**TASK PROMPT**.
An exact transcription of the entries is required, with no images included.

[Stored items]
· · ·

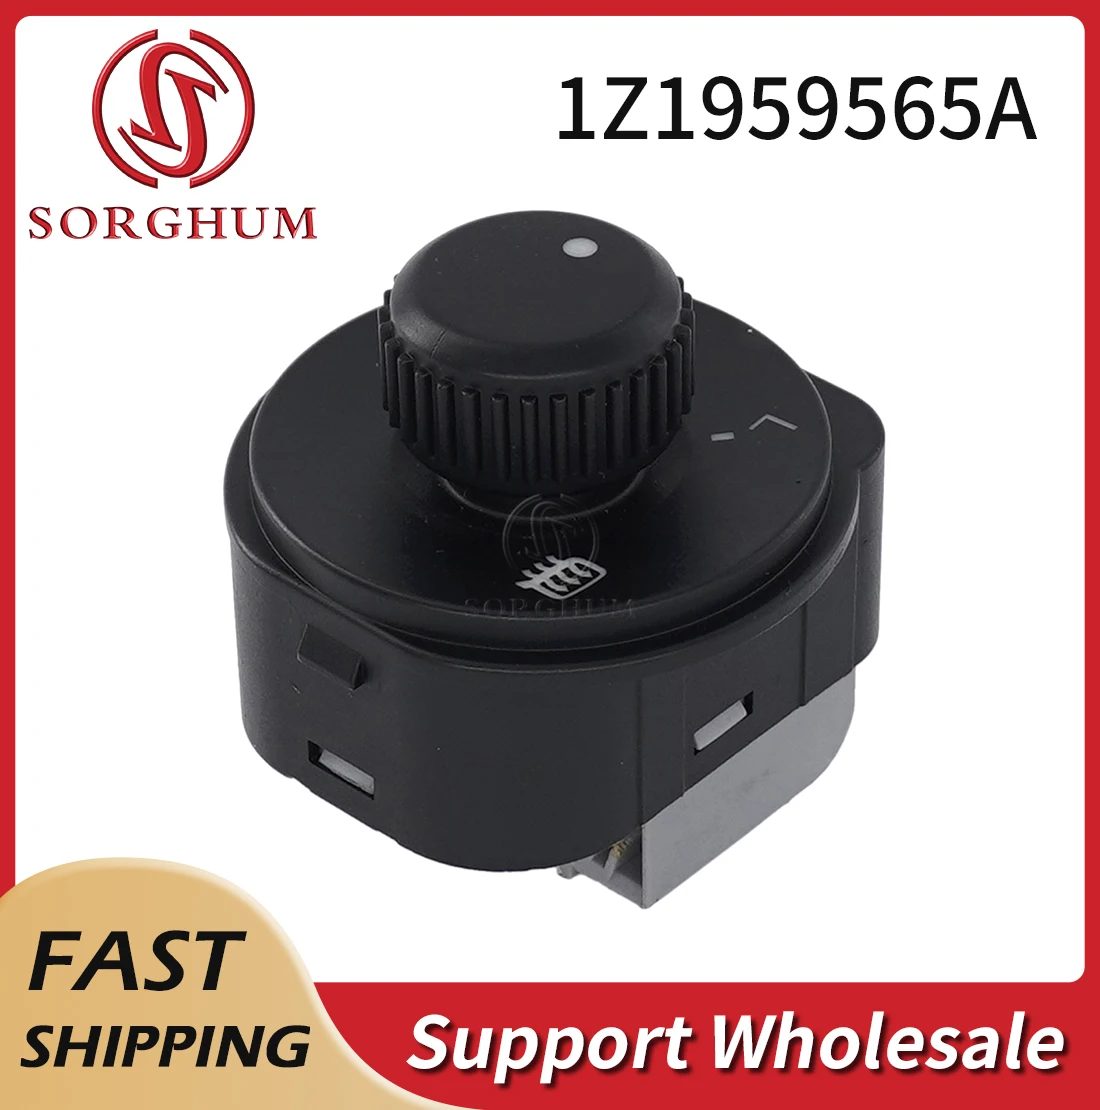 

Sorghum 1Z1959565A Car Control Adjustment Knob Auto Rearview Mirror Switch For SKODA Octavia MK2 II 1Z 2004-2013 Yeti 1ZD959565
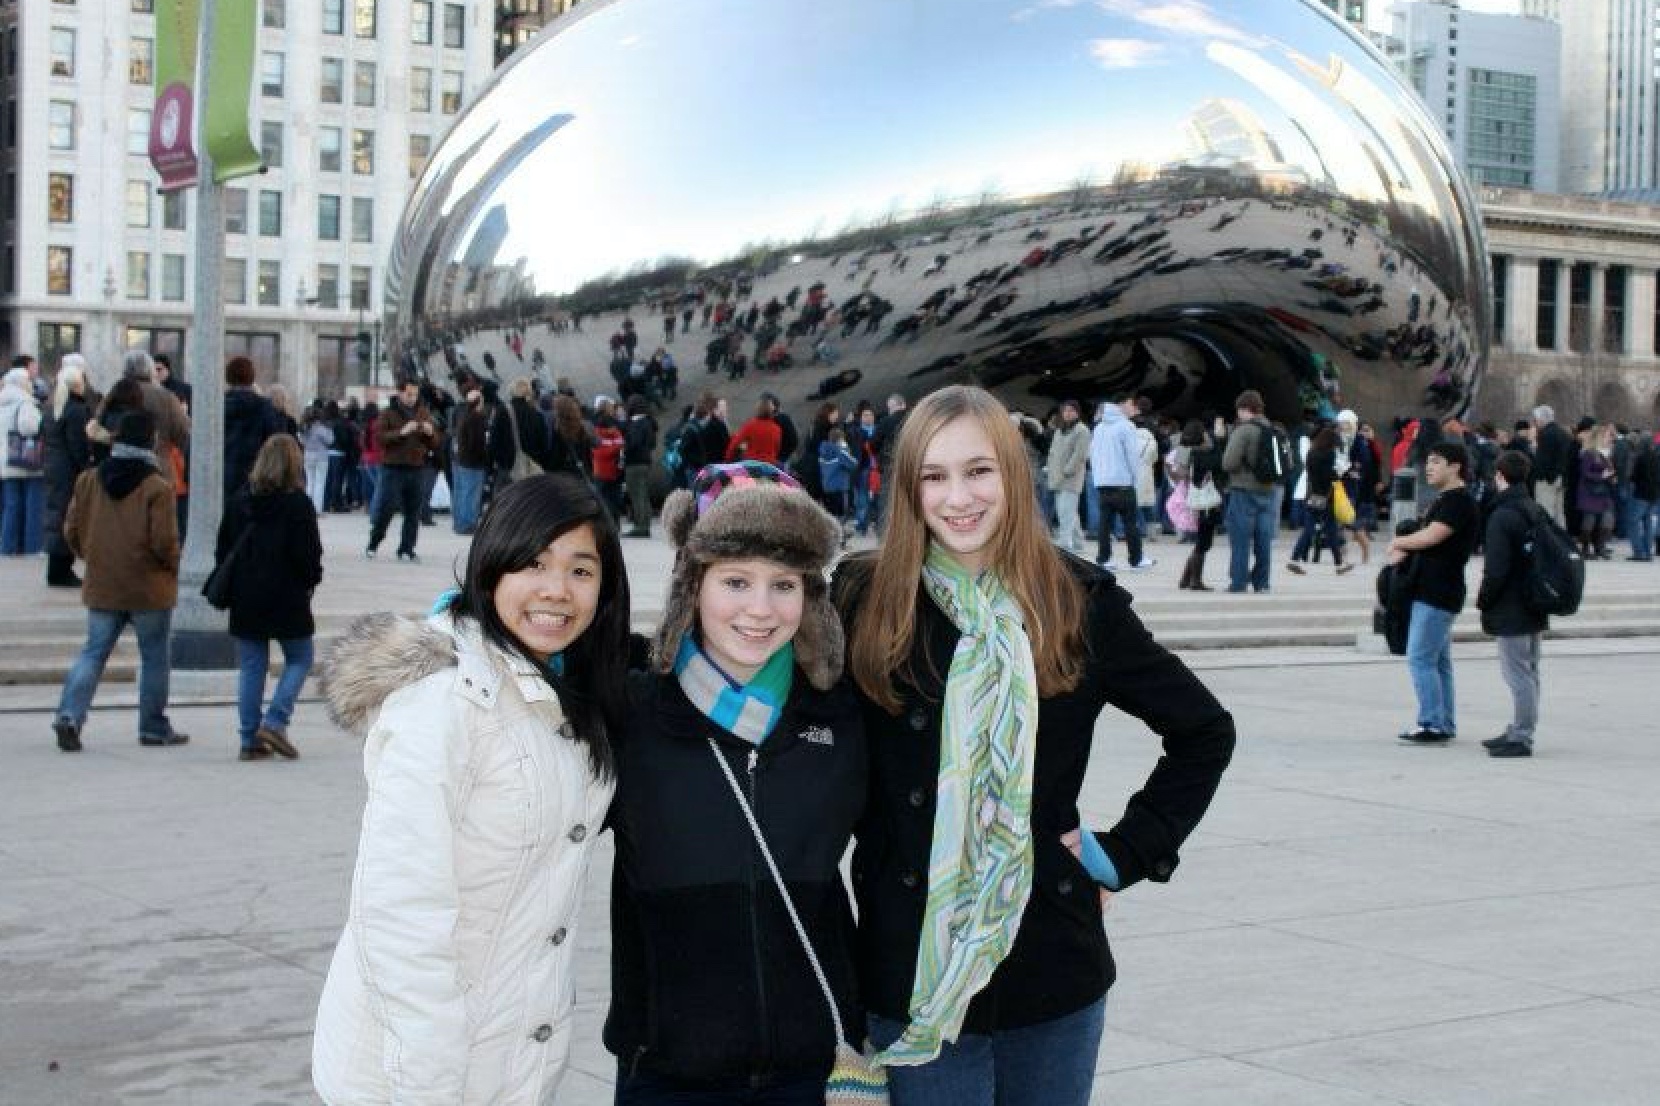 シカゴの観光スポット、The Bean。一番左が綿貫さん
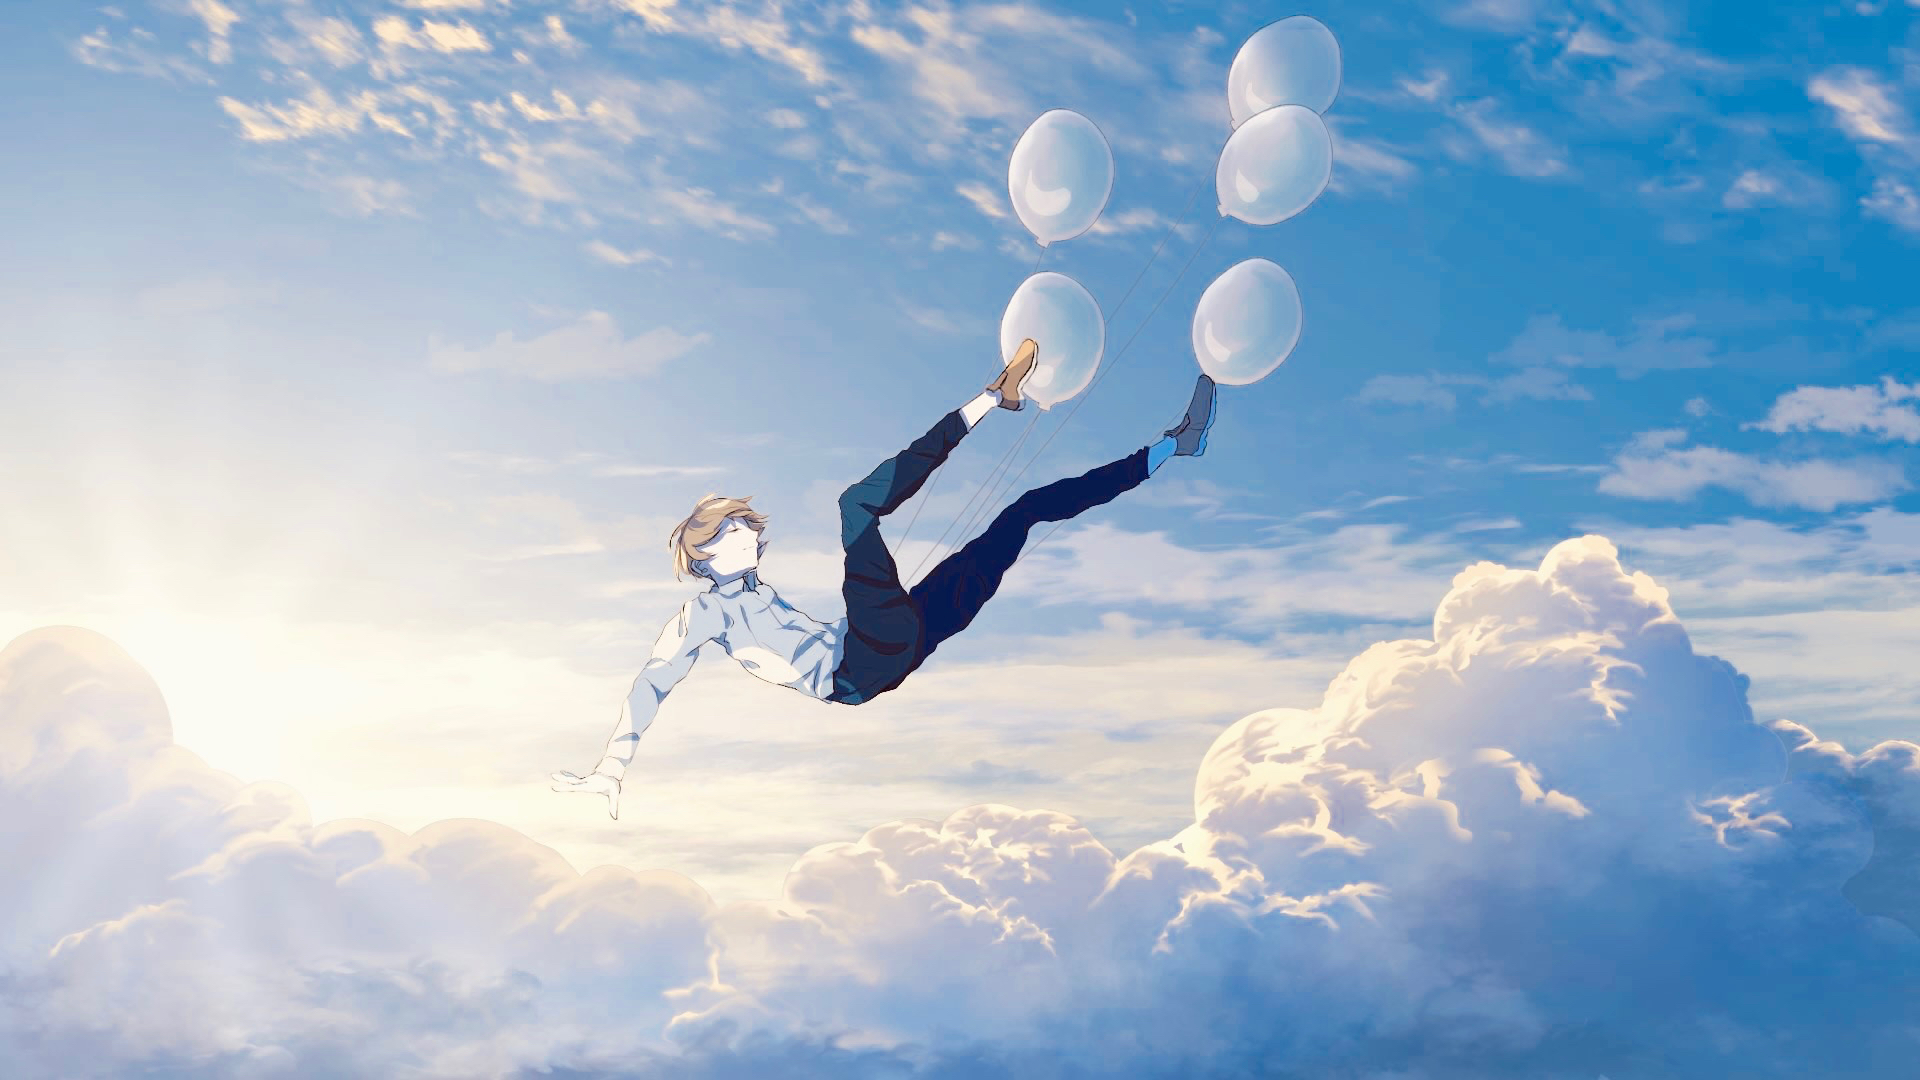 Скачать обои бесплатно Аниме, Небо, Облака, Воздушный Шар, Кукла картинка на рабочий стол ПК
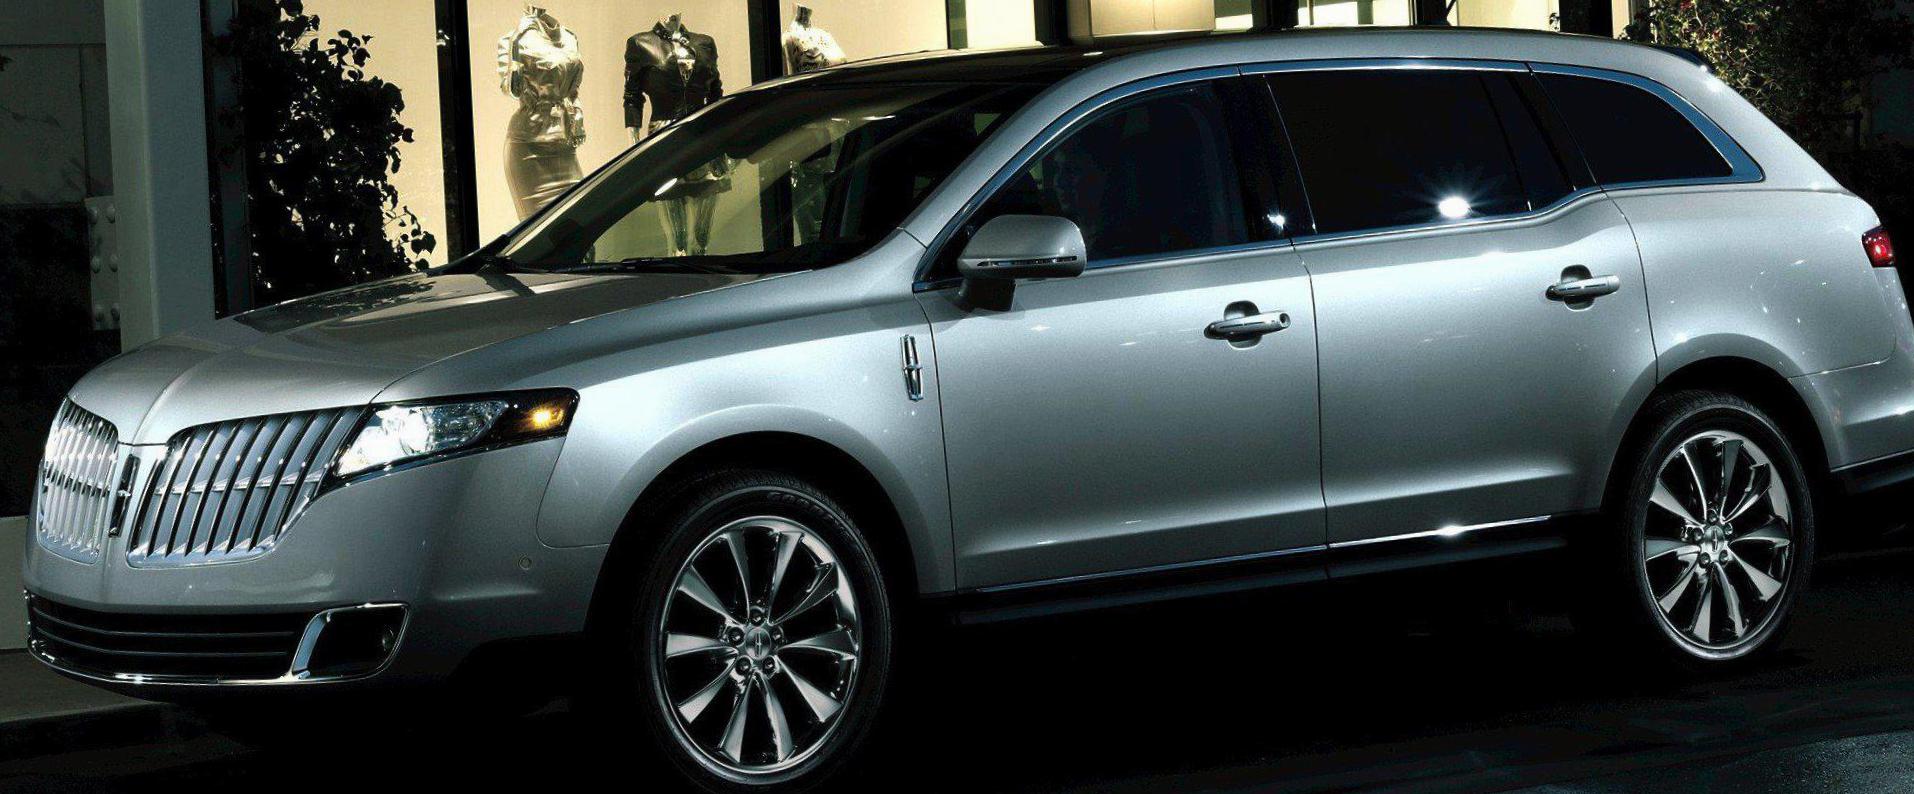 Lincoln MKT approved hatchback
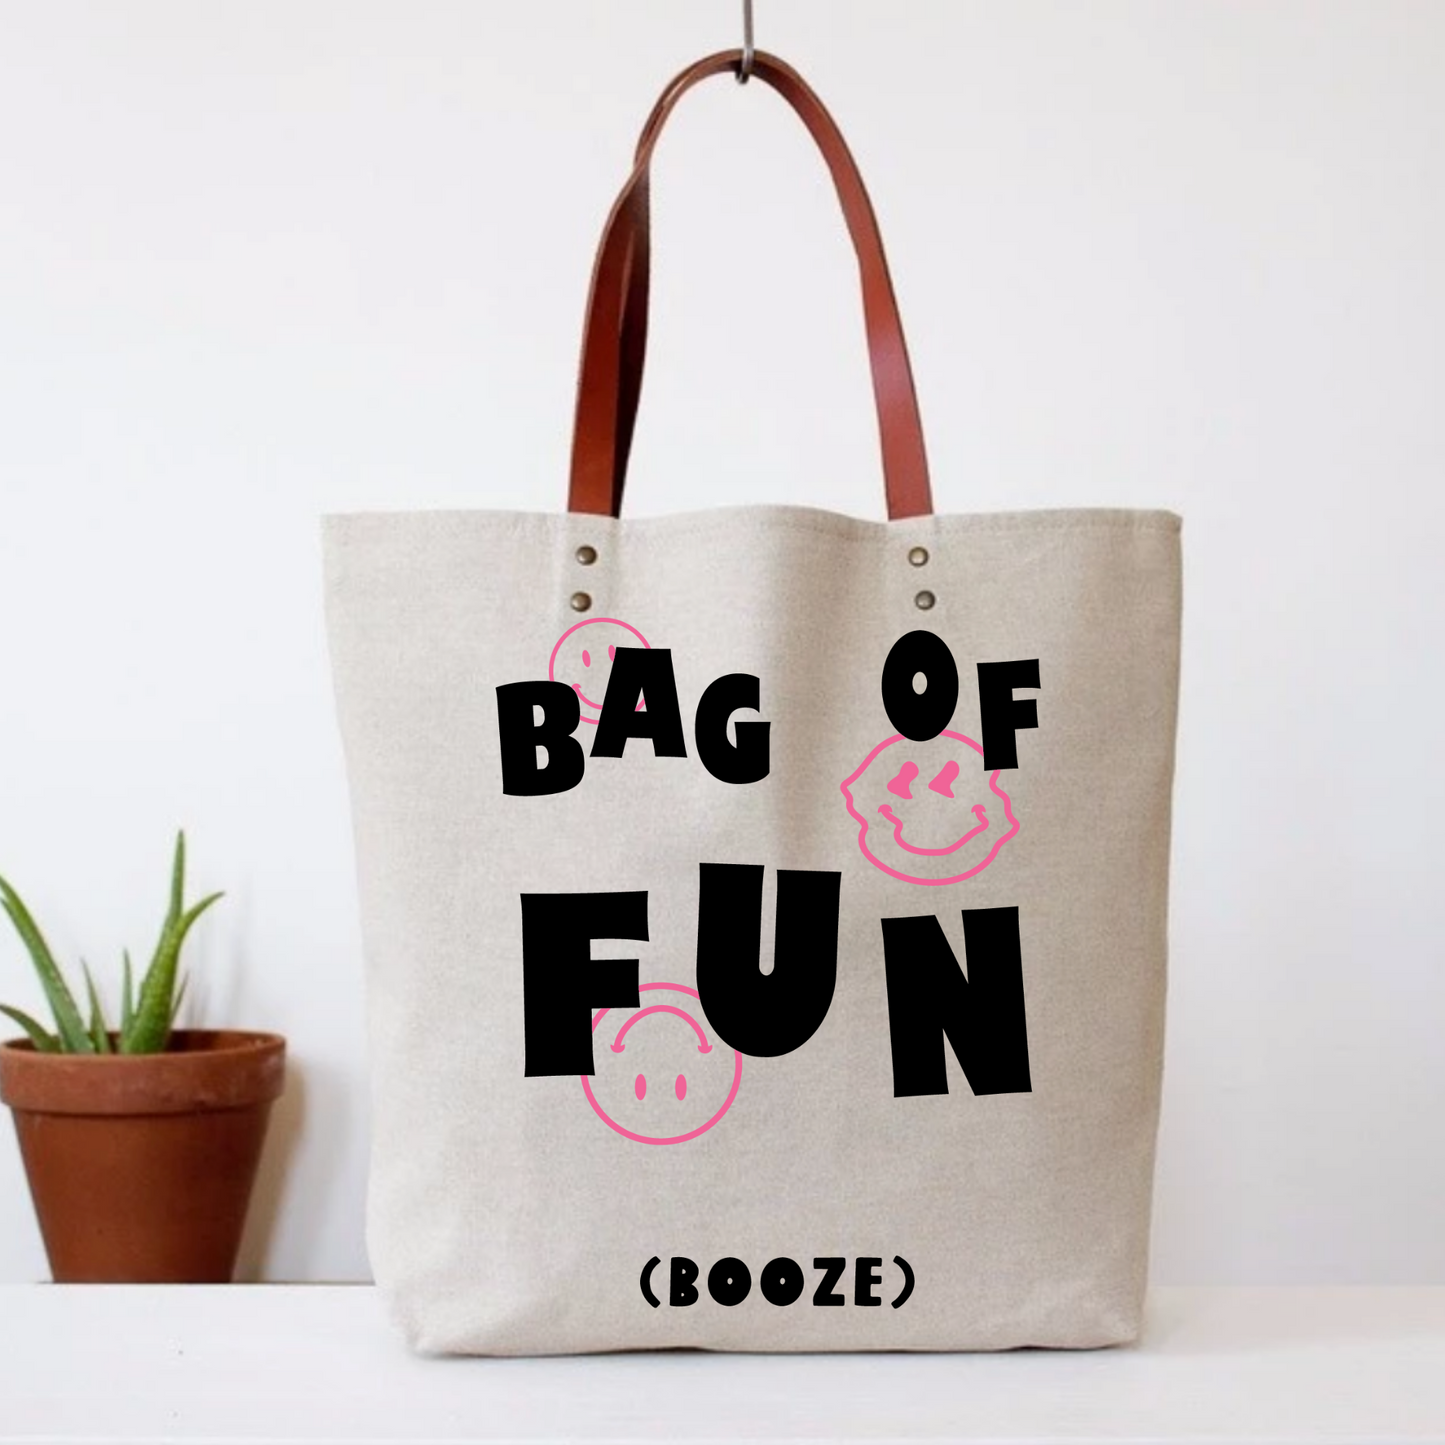 Bag Of Fun (Booze) Tote Bag by Fun Club

· · ·

**RESPONSE BELOW**.
Sorghum 1Z1959565A Car Control Adjustment Knob Auto Rearview Mirror Switch For SKODA Octavia MK2 II 1Z 2004-2013 Yeti 1ZD959565
 シカゴの観光スポット、The Bean。一番左が綿貫さん
 Скачать обои бесплатно Аниме, Небо, Облака, Воздушный Шар, Кукла картинка на рабочий стол ПК
 Lincoln MKT approved hatchback
 Bag Of Fun (Booze) Tote Bag by Fun Club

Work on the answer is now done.